INFORMATION PROVIDED START

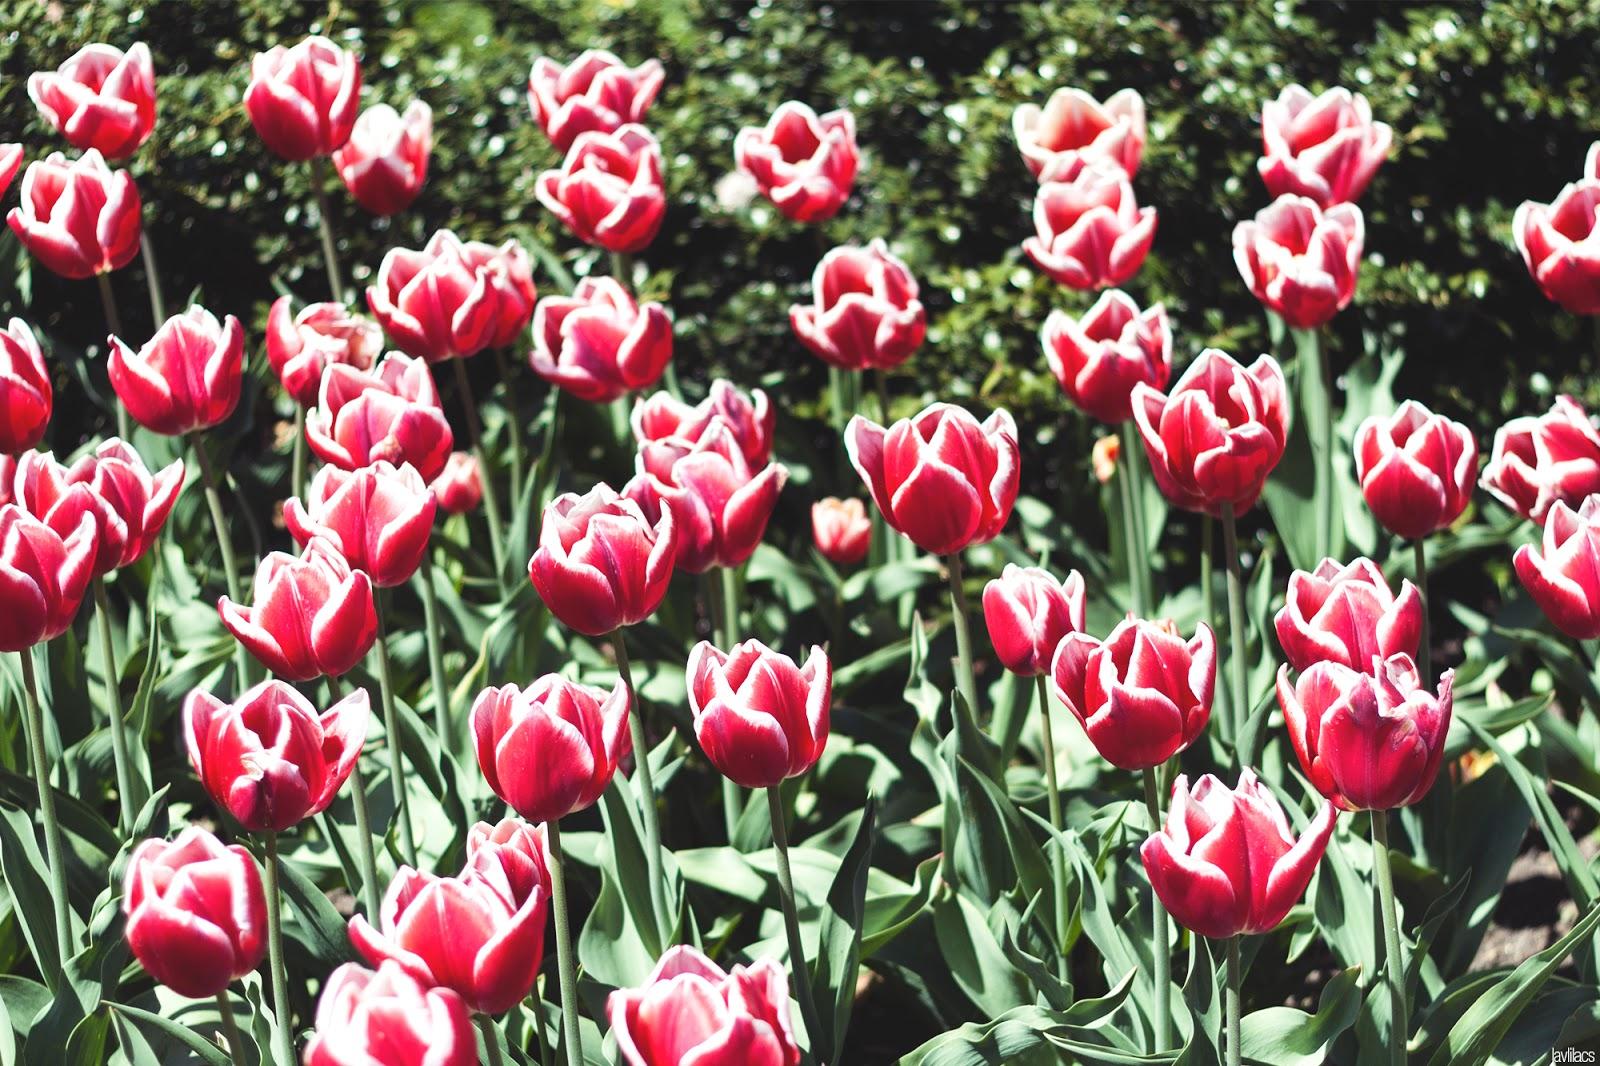 Brooklyn Botanic Garden - Red and White Tulips
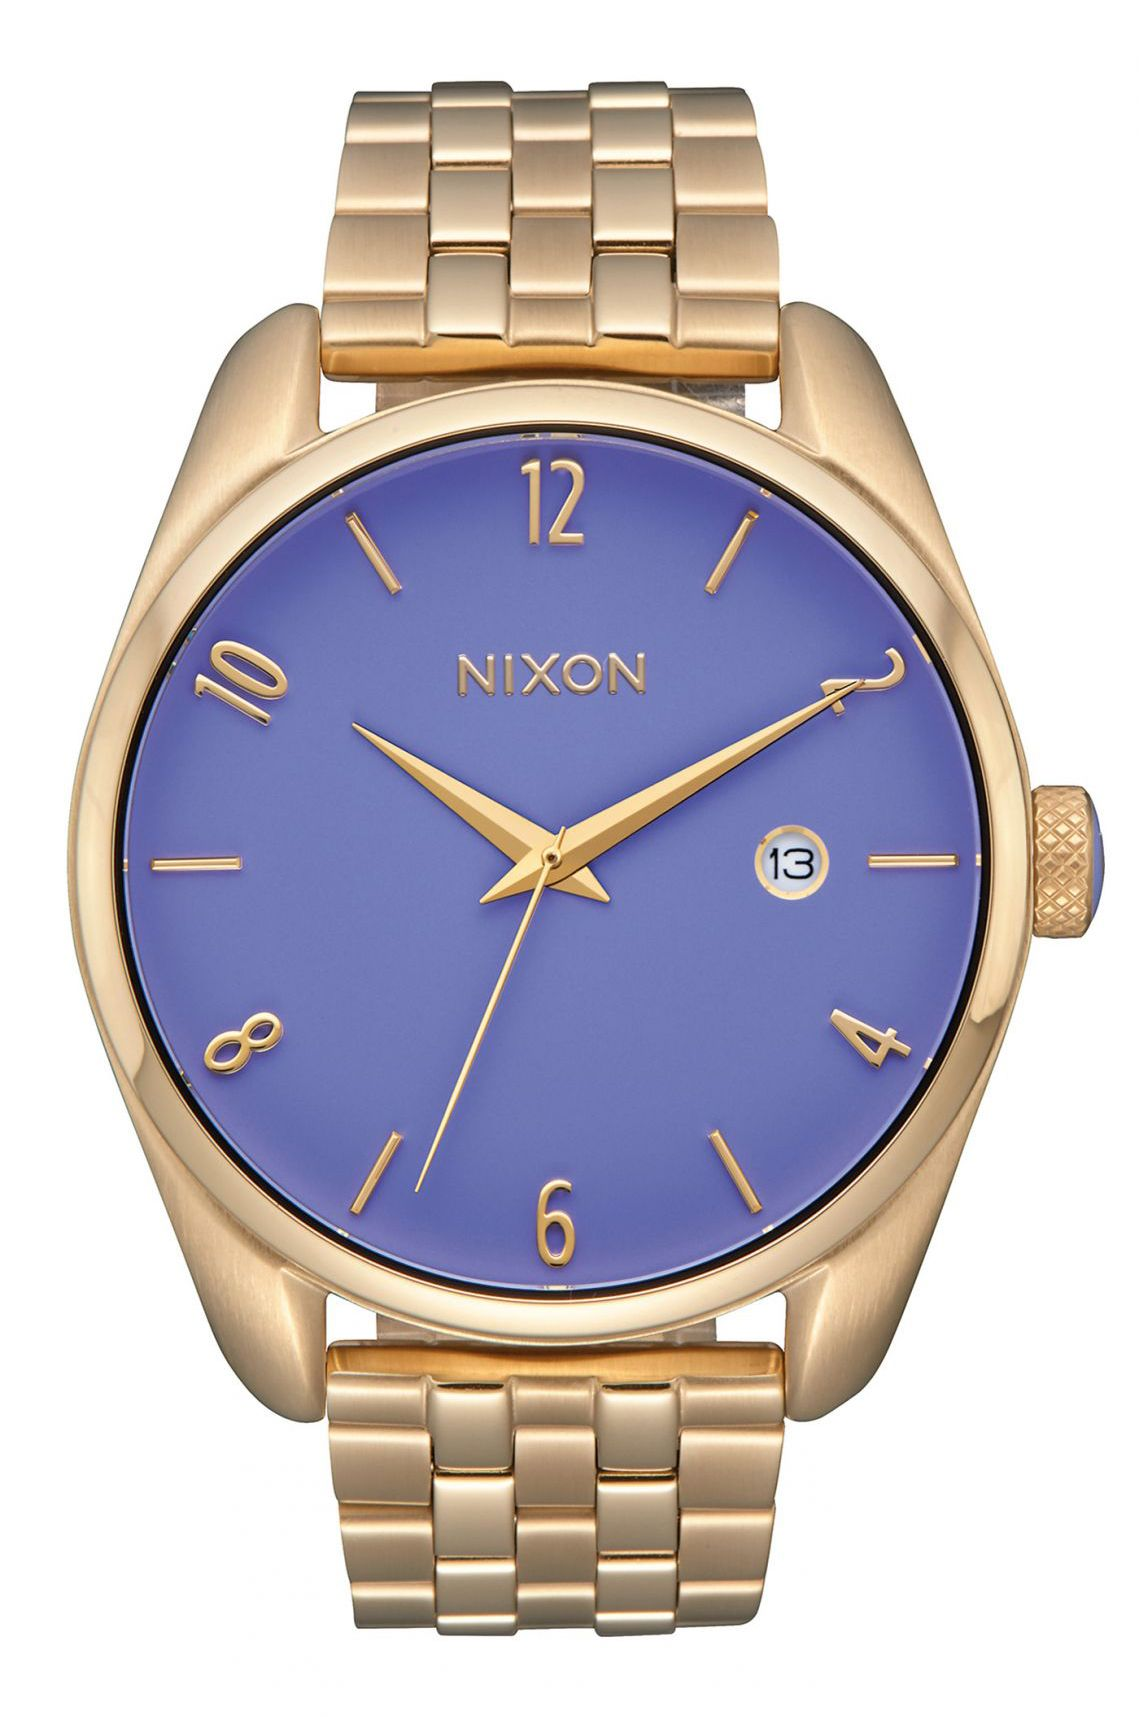 Nixon Watch BULLET Light Gold / Lavender
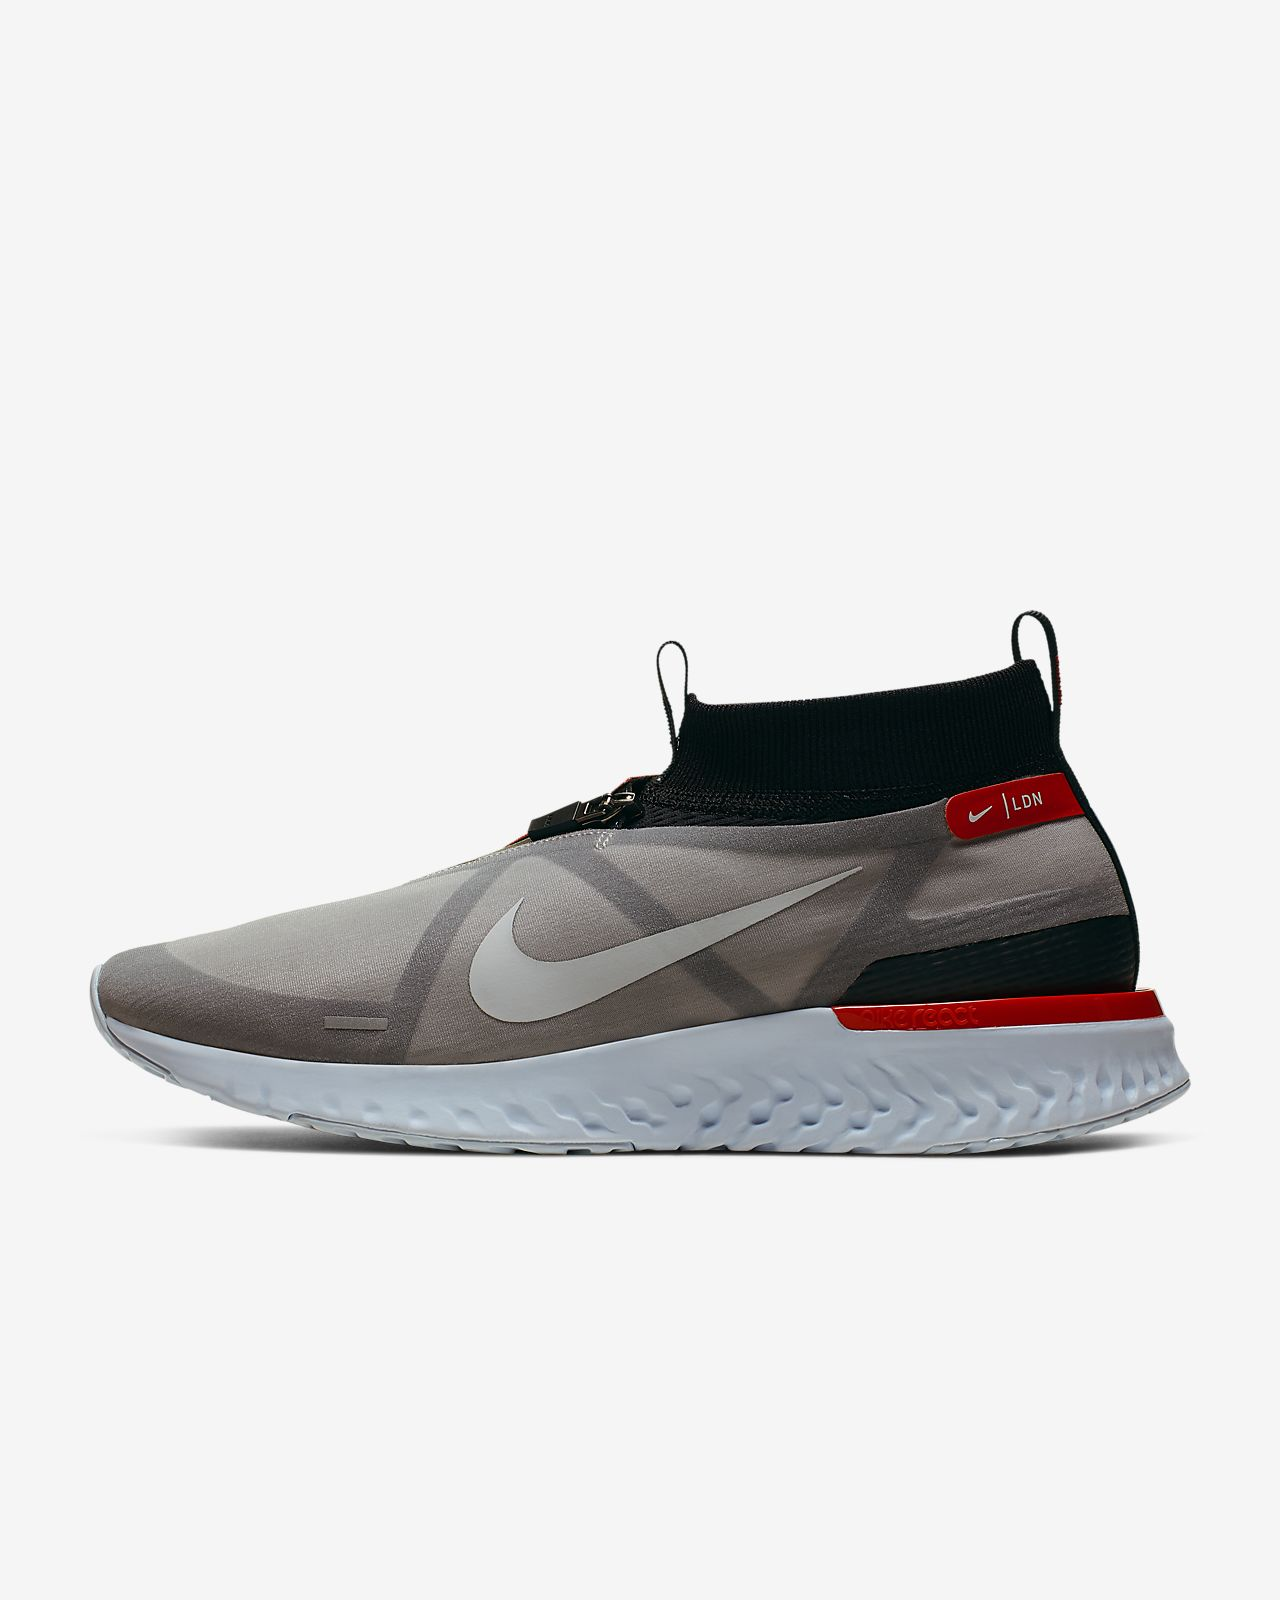 Chaussure de running Nike React City Premium pour Homme
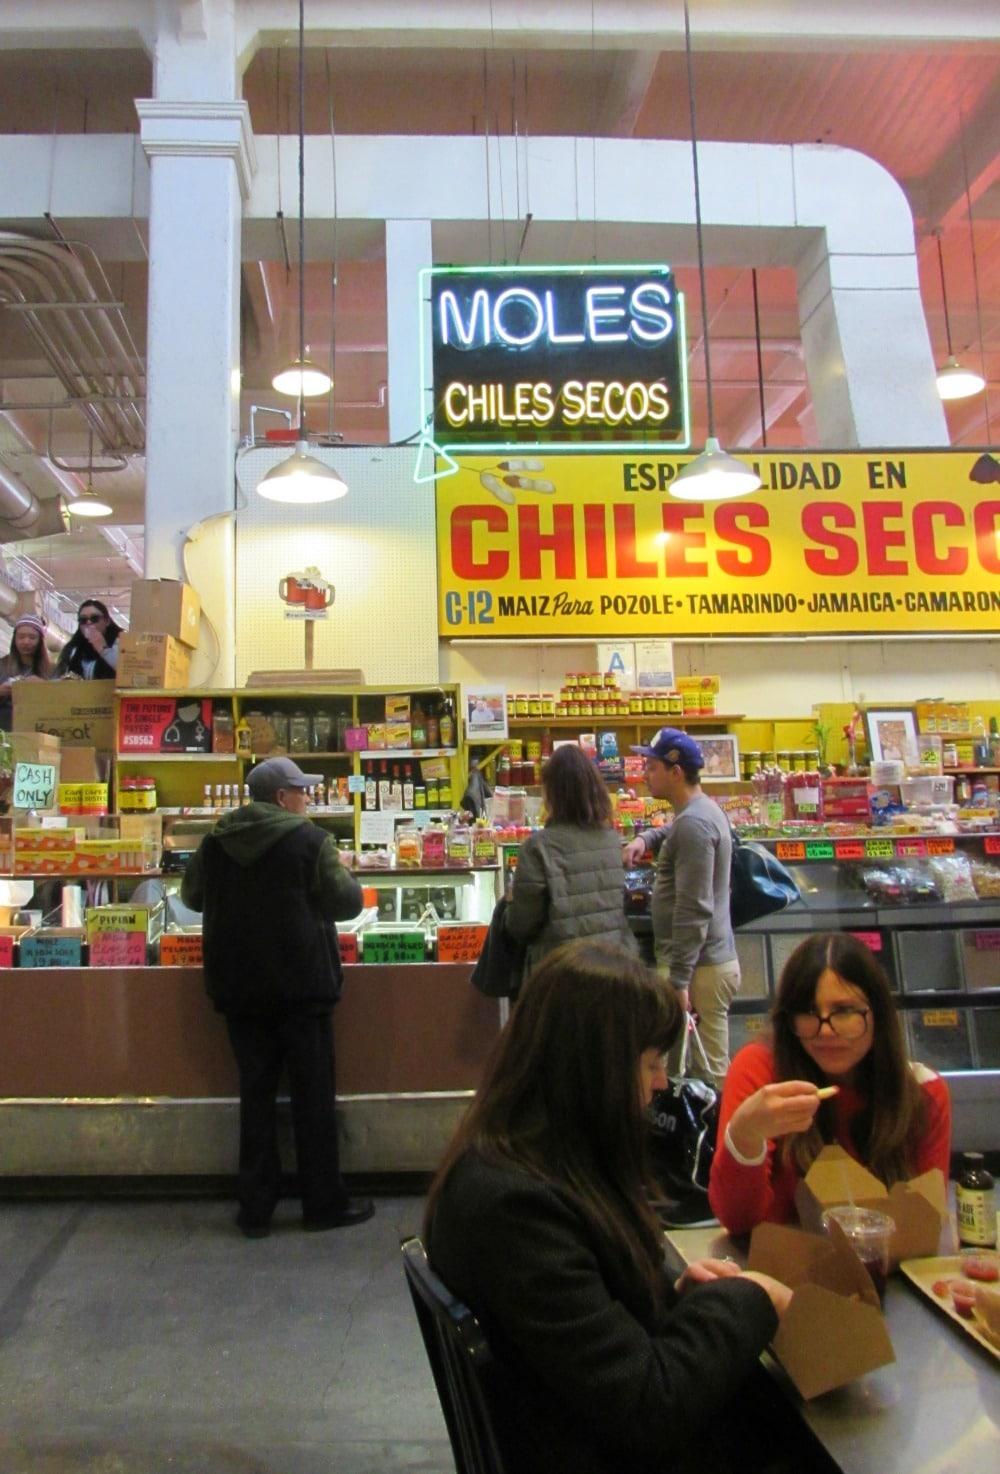 Boomer Travel | Los Angeles | Grand Central Market - Moles Chiles

INFORMATION PROVIDED END

■ PROBLEM DETAILS: Begin at the line with "Chaussure de running" and end at the last line of the data above. Reproduce those lines exactly, but not the pictures.

■ OUTPUT FOR THIS EXERCISE:
 Chaussure de running Nike React City Premium pour Homme
 Boomer Travel | Los Angeles | Grand Central Market - Moles Chiles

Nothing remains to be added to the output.